### TASK DETAILS:
The data below should be transcribed in full, with no picture included.
Start of DATA EXTRACT
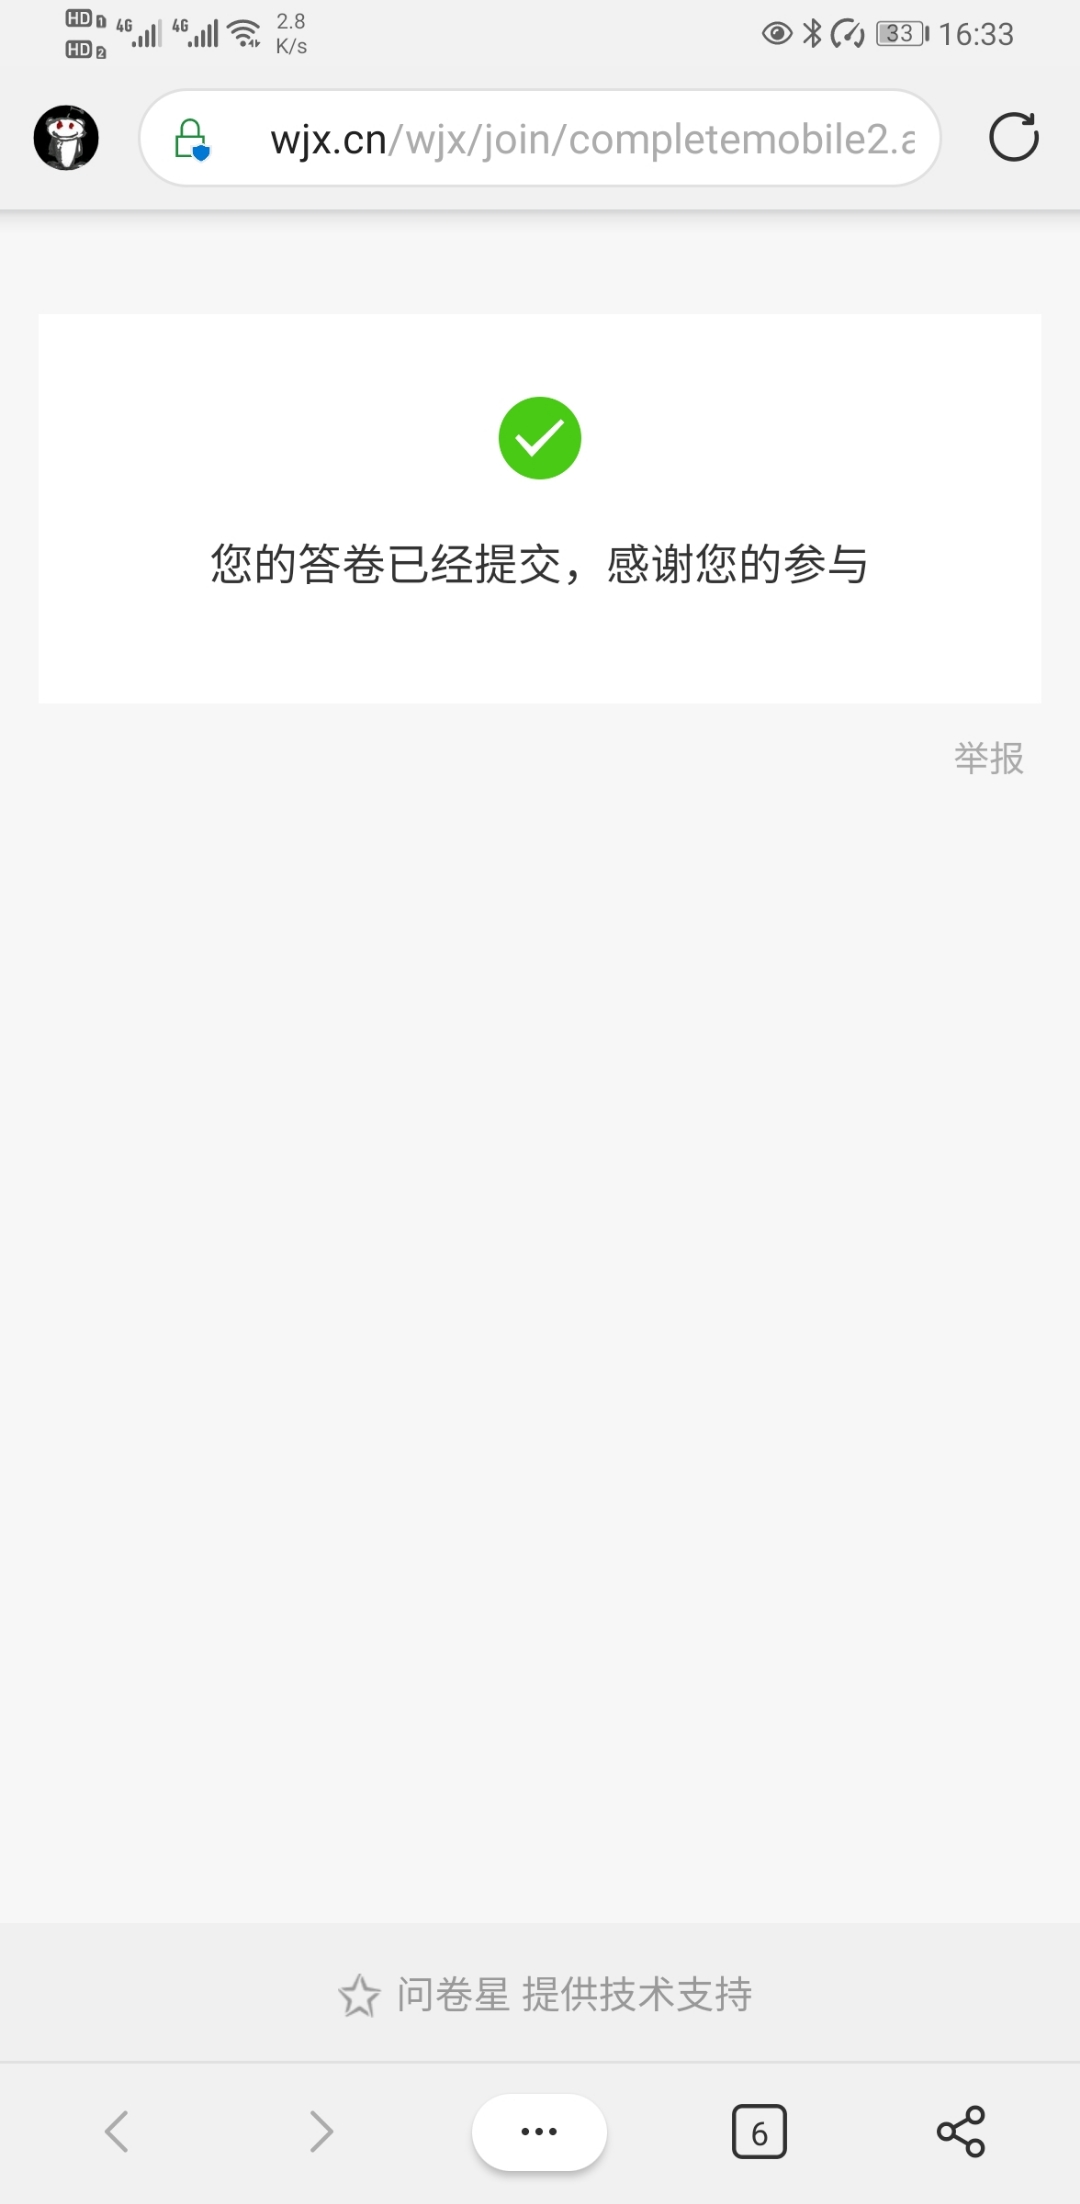 Screenshot_20210514_163305_com.microsoft.emmx.jpg
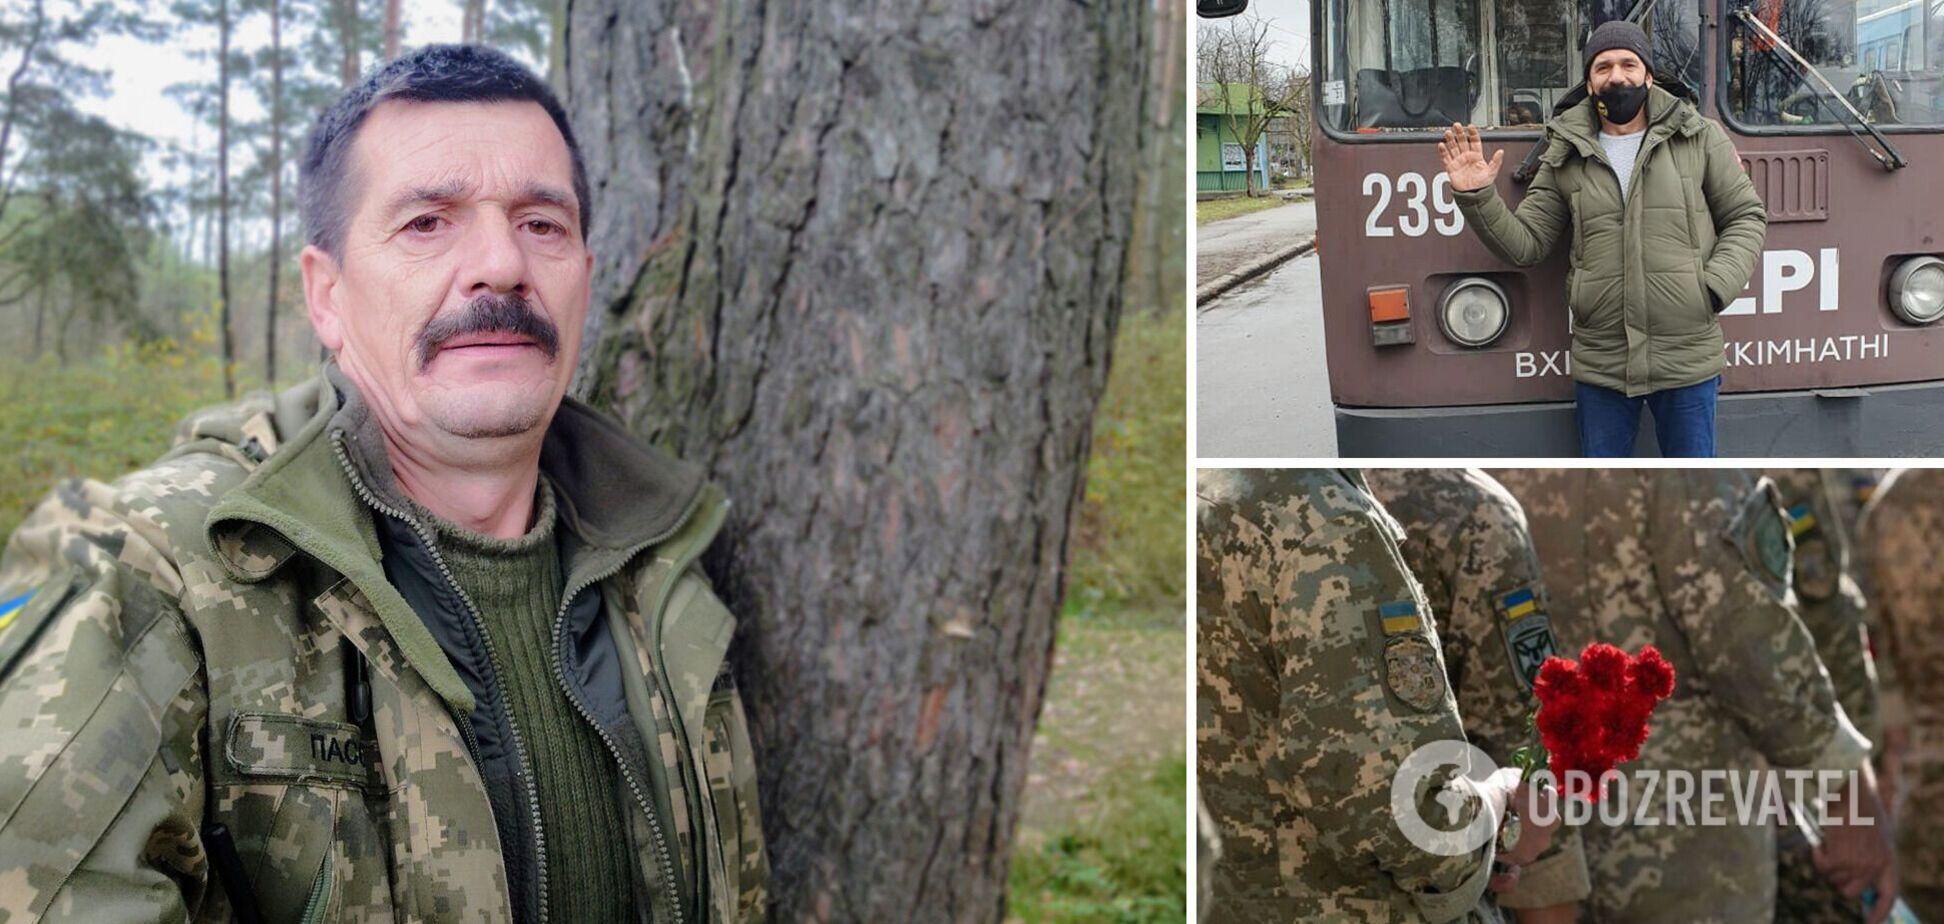 'Я должен быть там!' На Донбассе убили защитника Украины, у него остались дочь и внуки
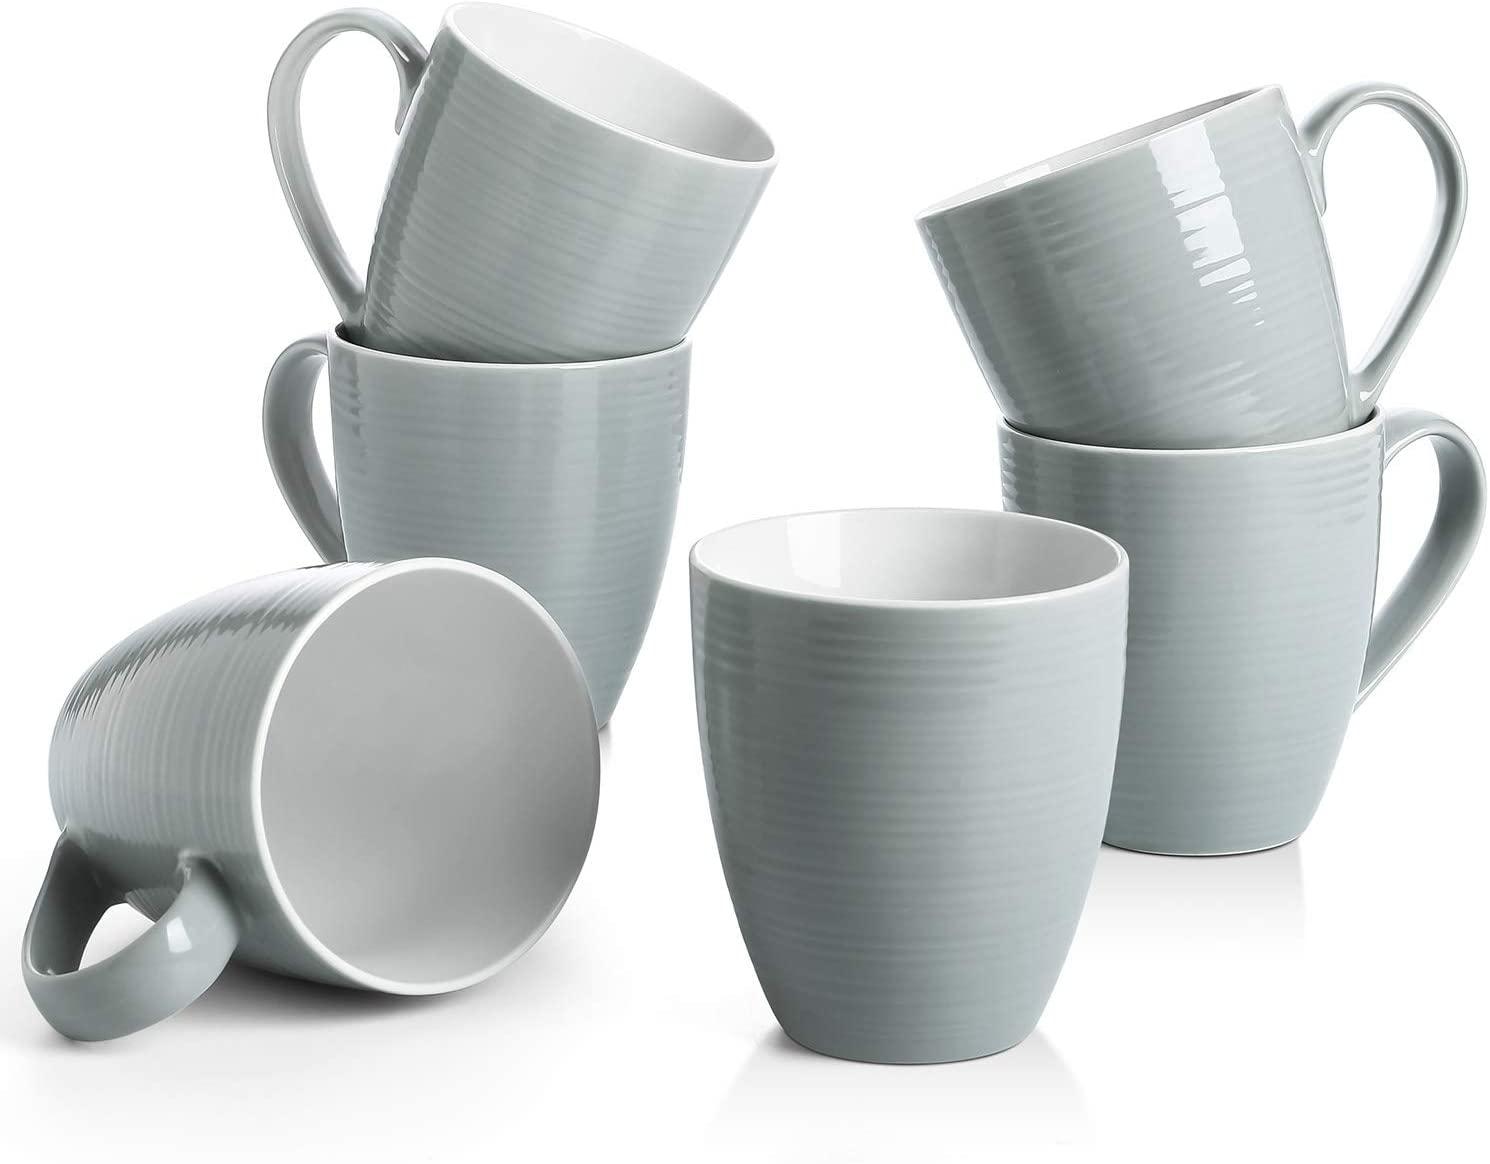 practical-housewarming-gifts-mugs
End of DATA EXTRACT
### TASK ANSWER:
 Screenshot_20210514_163305_com.microsoft.emmx.jpg
 'Я должен быть там!' На Донбассе убили защитника Украины, у него остались дочь и внуки
 practical-housewarming-gifts-mugs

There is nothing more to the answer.